/cpn

causal phenotype networks

Primary LanguageProlog

Background

Existing phenotype ontologies are arranged as simple classification hierarchies, with broader phenotype terms subsuming more specific ones. One notable feature of this design is that the classification of the phenotype is conflated with causal information connecting phenotypes. For example, the abnormal development of a thyroid gland is classified as a type of thryoid gland morphology. This is not a problem when using a phenotype ontology for search or simple grouping, but can pose problems when we try and use automated techniques to build phenotype ontologies or connect genes to phenotypes.

For example, as seen in this subset of the Mammalian Phenotype (MP) ontology:

  is_a MP:0005379 ! endocrine/exocrine gland phenotype
   is_a MP:0002163 ! abnormal gland morphology
    is_a MP:0000681 ! abnormal thyroid gland morphology
     is_a MP:0002951 ! small thyroid gland
     is_a MP:0003421 ! abnormal thyroid gland development ***
     is_a MP:0004663 ! athyroidism
     is_a MP:0004696 ! abnormal thyroid follicle morphology
     is_a MP:0004698 ! abnormal thyroid parafollicular C-cell morphology
     is_a MP:0005355 ! enlarged thyroid gland
     is_a MP:0013162 ! abnormal thyroid gland isthmus morphology
     is_a MP:0013233 ! ectopic thyroid gland

The highlighted term is a developmental (process) term alongside and under a morphology term. The relationship between the development of the gland and its morphology is one of causation, rather than subtype.

For this subset of the Human Phenotype (HP) ontology:

   is_a HP:0001939 ! Abnormality of metabolism/homeostasis
    is_a HP:0010932 ! Abnormality of nucleobase metabolism
     is_a HP:0004352 ! Abnormality of purine metabolism
      is_a HP:0004368 ! Increased purine levels ***
      is_a HP:0004369 ! Decreased purine levels ***
      is_a HP:0010933 ! Abnormality of xanthine metabolism
      is_a HP:0011814 ! Increased urinary hypoxanthine

The highlighted terms are amount (object) terms alongside and under a process term. The relationship between purine levels and purine metabolism is one of causation, with abnormalities in metabolism resulting in abnormalities in levels.

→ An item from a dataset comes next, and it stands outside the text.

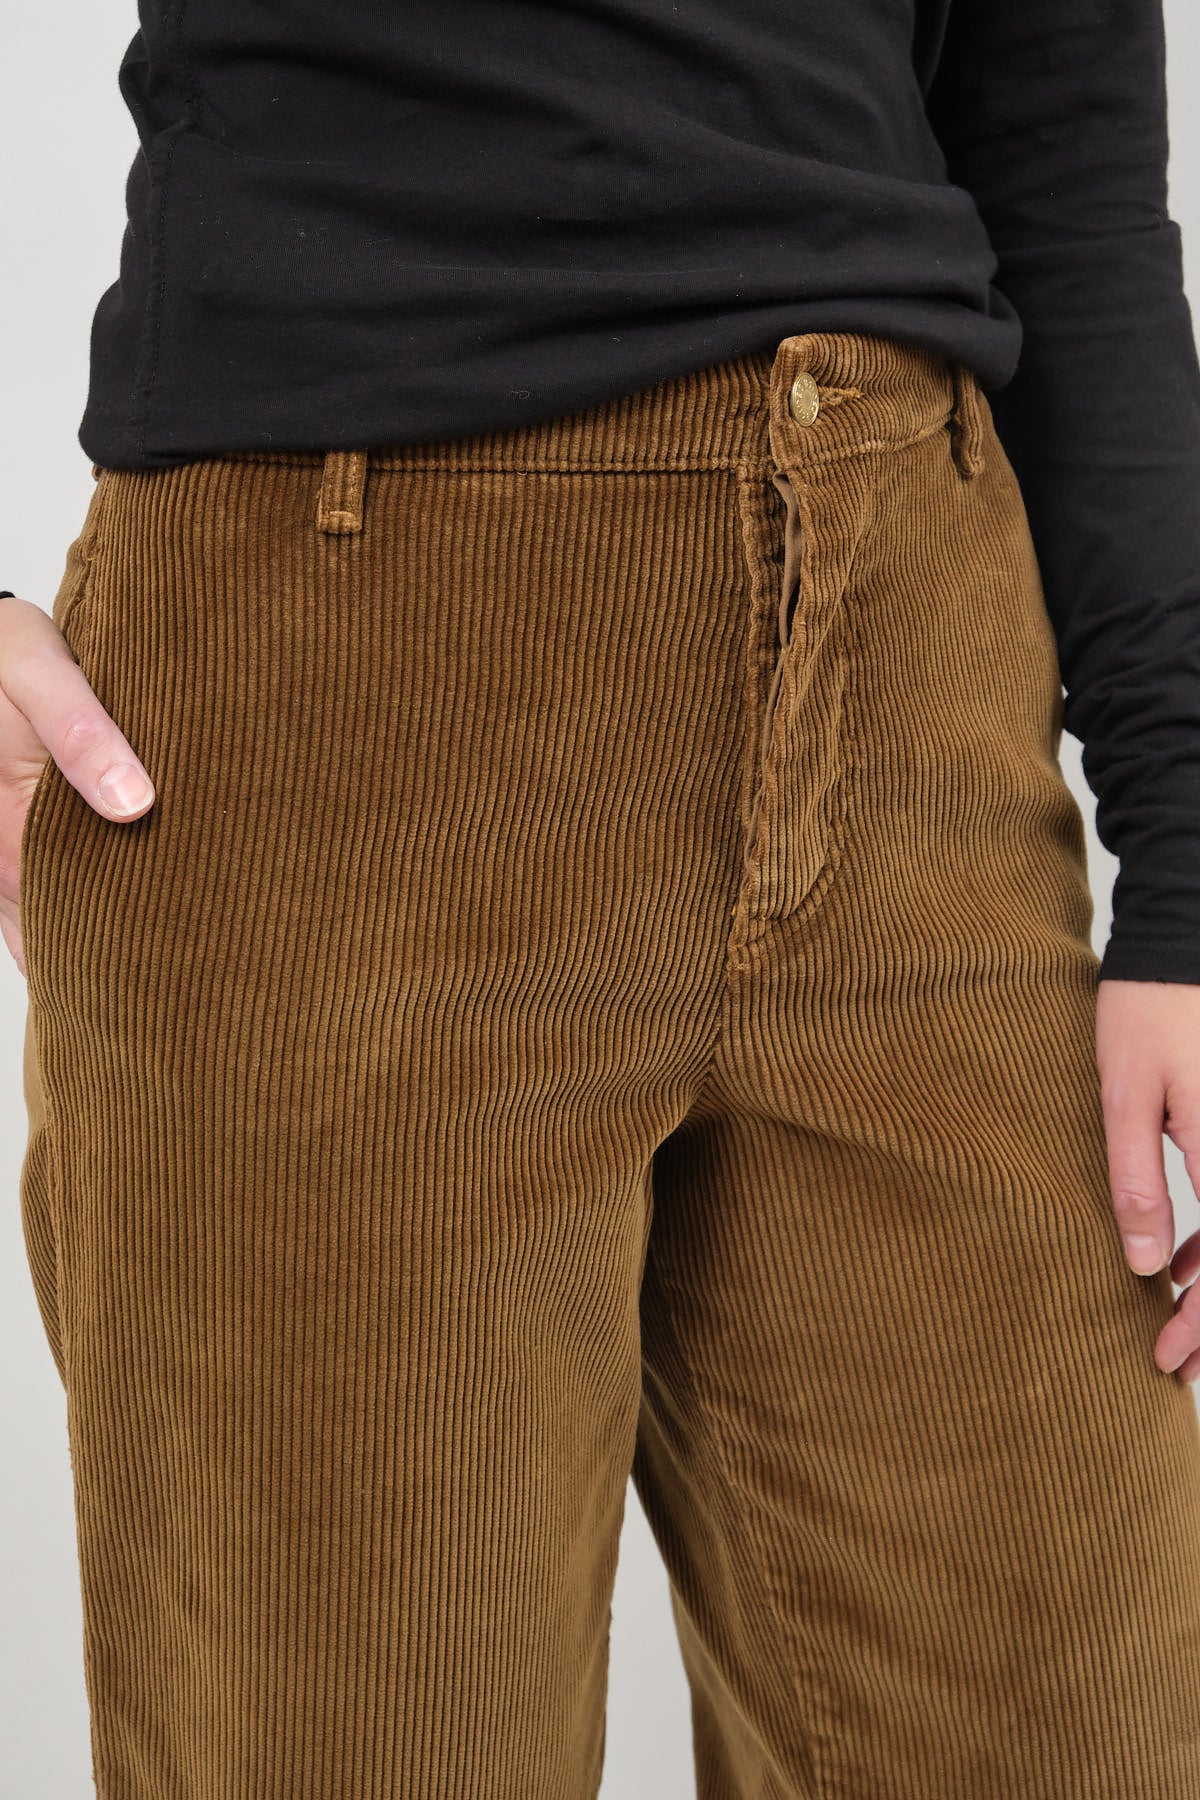 Rise on Chino in Camel Corduroy

Furthermore, this structure doesn't give us an easy means of answering the question as to the effects of mutating genes known to be involved in the GO biological process 'purine nucleotide biosynthesis' (loss of this gene may lead to decreased levels, a gain of function mutation may lead to increased levels), or 'purine nucleotide catabolism' (having the opposite effect).

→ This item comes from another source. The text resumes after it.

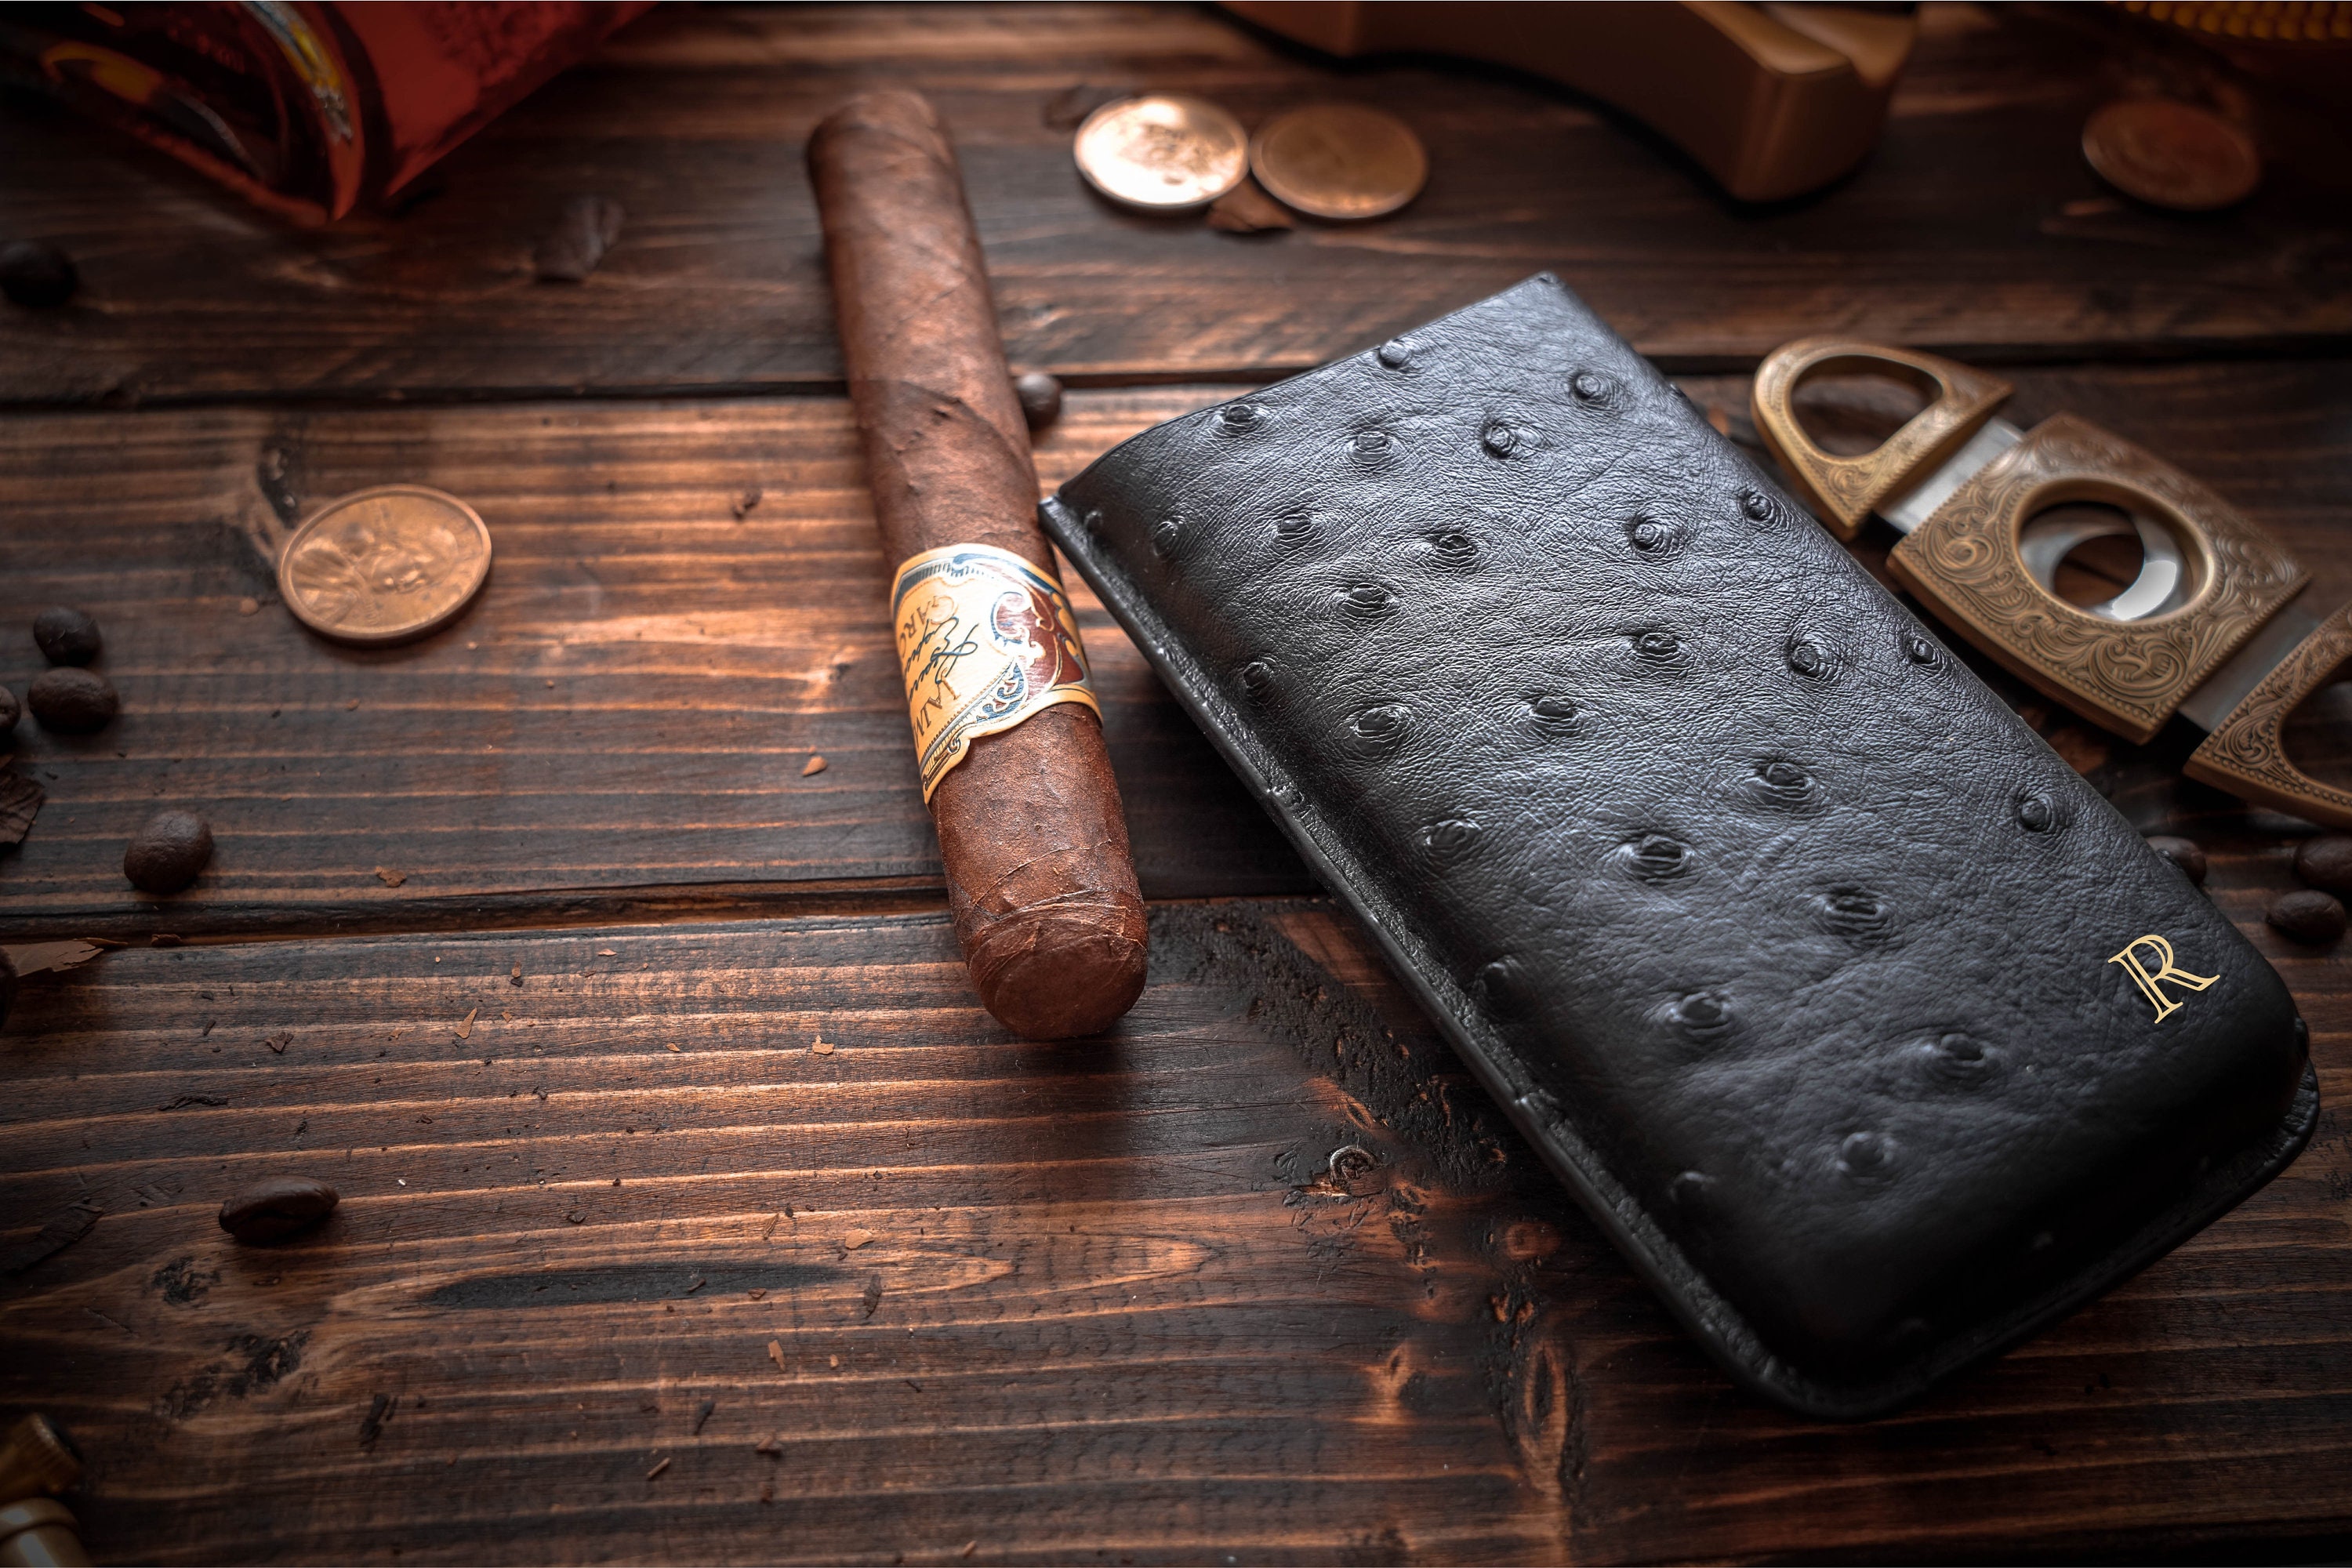 Luxury Cigar Case Personalized Gift Christmas Gift for Men -  Norway

Furthermore, it can be argued that the generic structure of placing "X level" phenotypes under "X metabolism" is incorrect, because changes in the levels of a substance are not necessarily due to changes in metabolism - the changes may be due to abnormalities in import of export of the substance.

CPN

We have created a phenotype ontology CPN (Causal Phenotype Network) that separates the classification of a phenotype from its causal effect. Specifically, phenotypes that are due to processual changes form a disjoint hierarchy from those that are due to changes in attributes of physical objects such as chemical concentrations, cellular and organ morphology. The ontology is constructed by an automatic process using knowledge encoded in ontologies such as GO and UBERON.

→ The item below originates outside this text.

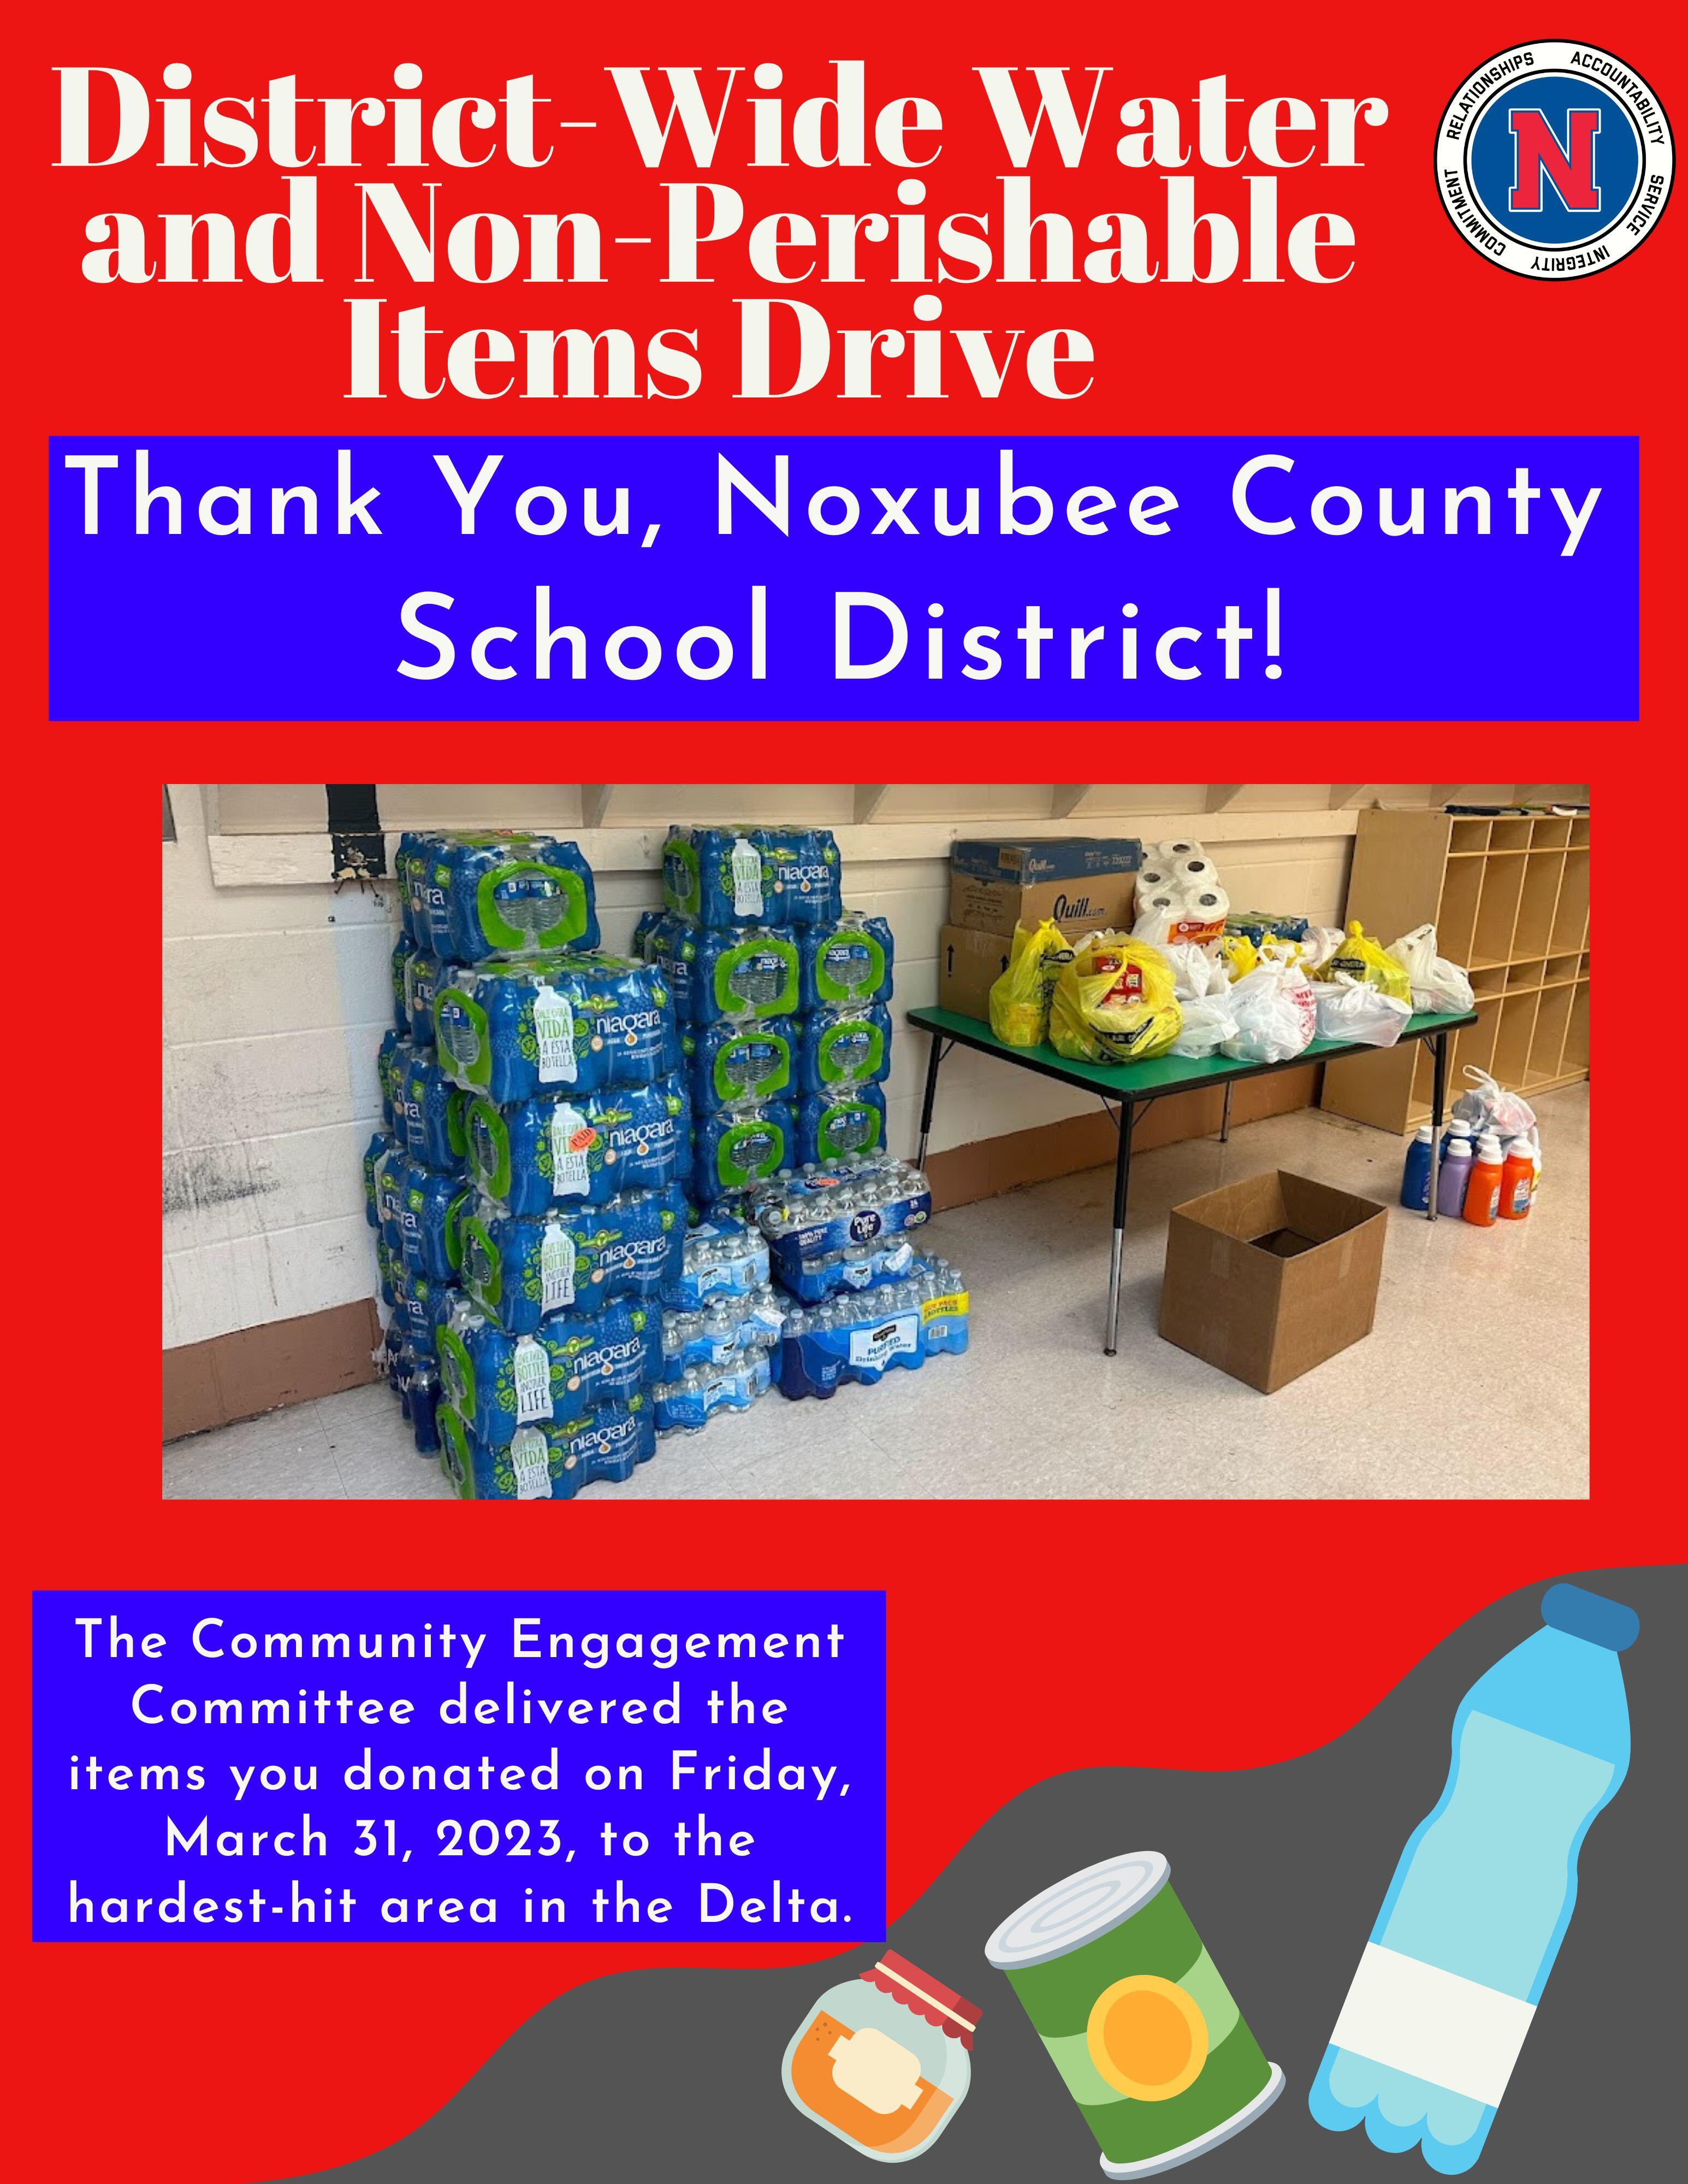 District-Wide Water and Non-Perishable Items Drive flyer 1

CPN is species-neutral, and is intended to be used as a module by existing phenotype and trait ontologies. It can easily slot into existing OWL-based phenotype development workflows; whilst CPN itself forms disjoint hierarchies, end-product ontologies automatically collapse these distinctions into a simple and familiar subsumption hierarchy.

CPN is also extensible to creating sophisticated network models of disease...

Related Work

CPO

Results

Construction of Causal Phenotype Network Ontology

The construction process makes use of knowledge encoded as logical axioms in existing ontologies.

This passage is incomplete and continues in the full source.